Wiring ClinicalTrials.gov v2 + openFDA + ChEMBL into a License-Clean Drug Intelligence Endpoint

Sarah ChoyPublished May 3, 202611 min read
Wiring ClinicalTrials.gov v2 + openFDA + ChEMBL into a License-Clean Drug Intelligence Endpoint

Pharma R&D, medical-AI startups, and pharmacovigilance teams all want the same thing: one endpoint that pulls trials, labels, adverse events, and bioactivity in a license-clean way. Here's the working architecture, with the trap doors that have surprised teams in production.

TL;DR

  • ClinicalTrials.gov v2 (REST + JSON) replaced the legacy v1 in 2024 — schema is cleaner but pagination, optional fields, and historical drift catch new integrators out.
  • openFDA covers drug labels (SPL), FAERS adverse-event reports, and recall data, free; rate-limited to 240 req/min unauthenticated, 120k/day with a key.
  • ChEMBL gives you bioactivity (IC50, Ki, Kd, EC50), targets, and assays — the structural / mechanistic dimension other databases lack.
  • DrugBank's commercial license is the trap: academic use is permitted; any product, even small SaaS, falls under commercial licensing terms most builders don't read until they're served notice.
  • API Pick Clinical Search wraps ClinicalTrials, openFDA, ChEMBL, and DrugBank pharmacology in one POST endpoint — 30 credits per call, license-clean, only-on-success.

The shape of the problem

Three audiences end up needing roughly the same drug-data pipeline, for different reasons:

  • Biopharma R&D and drug-repurposing teams want bioactivity data (ChEMBL), trial history (ClinicalTrials.gov), and adverse-event signals (FAERS) joined to evaluate a candidate.
  • Medical-AI startups building chatbots or clinical decision support layers need drug labels (openFDA SPL) and trial data joined to ground LLM answers in regulatory sources.
  • Pharmacovigilance teams want FAERS plus drug-label structured fields plus mechanism information from ChEMBL/DrugBank to assess signal plausibility.

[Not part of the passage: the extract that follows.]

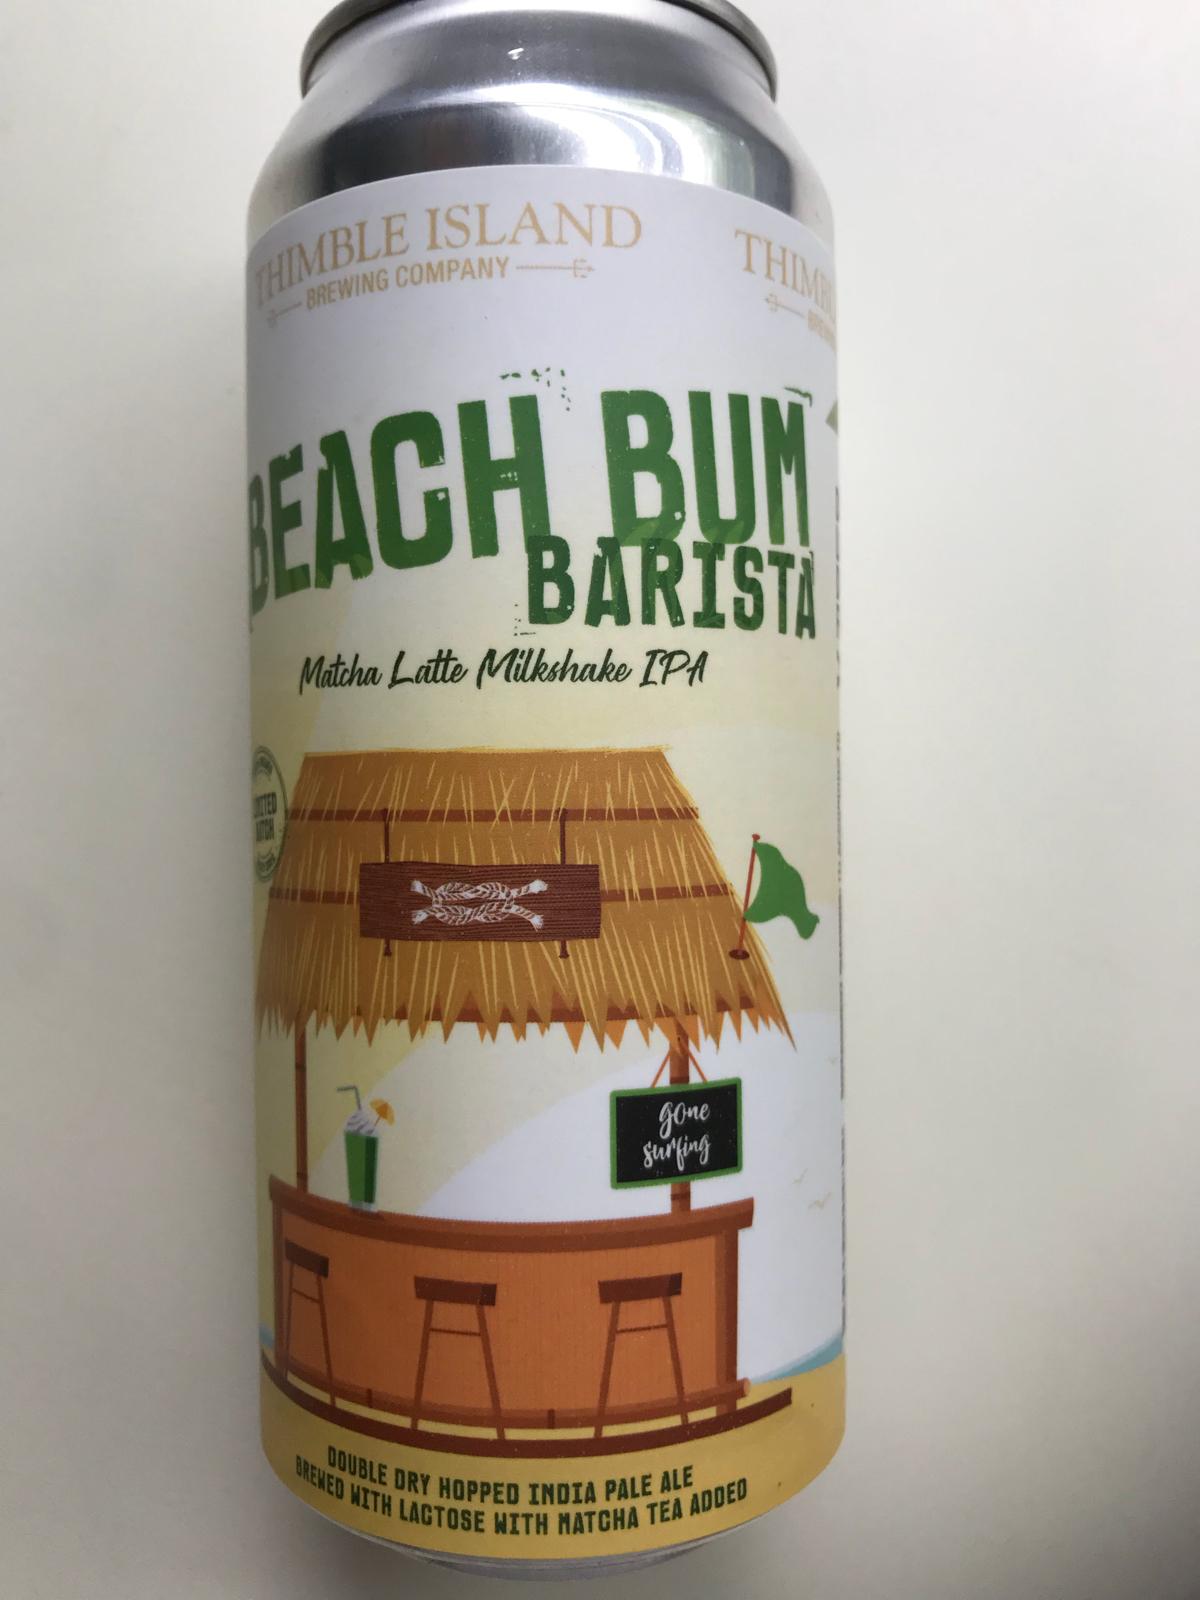 Image result for thimble island beach bum barista label

Each of these audiences ends up wiring four databases together: ClinicalTrials.gov, openFDA, ChEMBL, and DrugBank. Each database has its own schema, rate limits, and license terms. DrugBank is the one that bites — its commercial-use clause catches teams that integrated it in development without reading the license, and serving notice on small-SaaS founders is a real thing.

Here's the architecture we recommend, including a license-clean alternative path that avoids the DrugBank trap.

The four sources, one paragraph each

ClinicalTrials.gov v2

US National Library of Medicine. Definitive registry for US-registered clinical trials and the de facto global standard. v2 launched 2024 — REST + JSON, replacing the legacy v1 CSV/XML. Free, rate-limited (10 req/sec). Documentation at clinicaltrials.gov/data-api/api. Strengths: authoritative, comprehensive, no license issues. Weaknesses: optional-field sparseness for older studies, schema migration friction for teams still on v1.

openFDA

FDA-run public API. Covers drug labels (SPL — Structured Product Labels), FAERS (Adverse Event Reporting System), recall data, and food/device equivalents. Free, rate-limited 240 req/min unauthenticated and 120,000 req/day with an API key. Strengths: authoritative regulatory source, structured data, broad coverage. Weaknesses: SPL parsing requires understanding HL7 conventions; FAERS deduplication is the user's problem.

ChEMBL

EBI / EMBL-EBI. Curated bioactivity database — IC50, Ki, Kd, EC50 measurements across compounds, targets, and assays. Free, REST + JSON, no rate-limit headaches at moderate volume. Strengths: structural and mechanistic data nothing else covers. Weaknesses: focus is research-grade; therapeutic/clinical mappings are partial.

DrugBank

University of Alberta-originated, now commercial. Drug-target mappings, pharmacology, drug-drug interactions, polypharmacology. Academic use is free; commercial use requires a paid license. The license applies to any commercial product, including free SaaS tools — read the terms before integrating.

API Pick Clinical Search (license-clean alternative)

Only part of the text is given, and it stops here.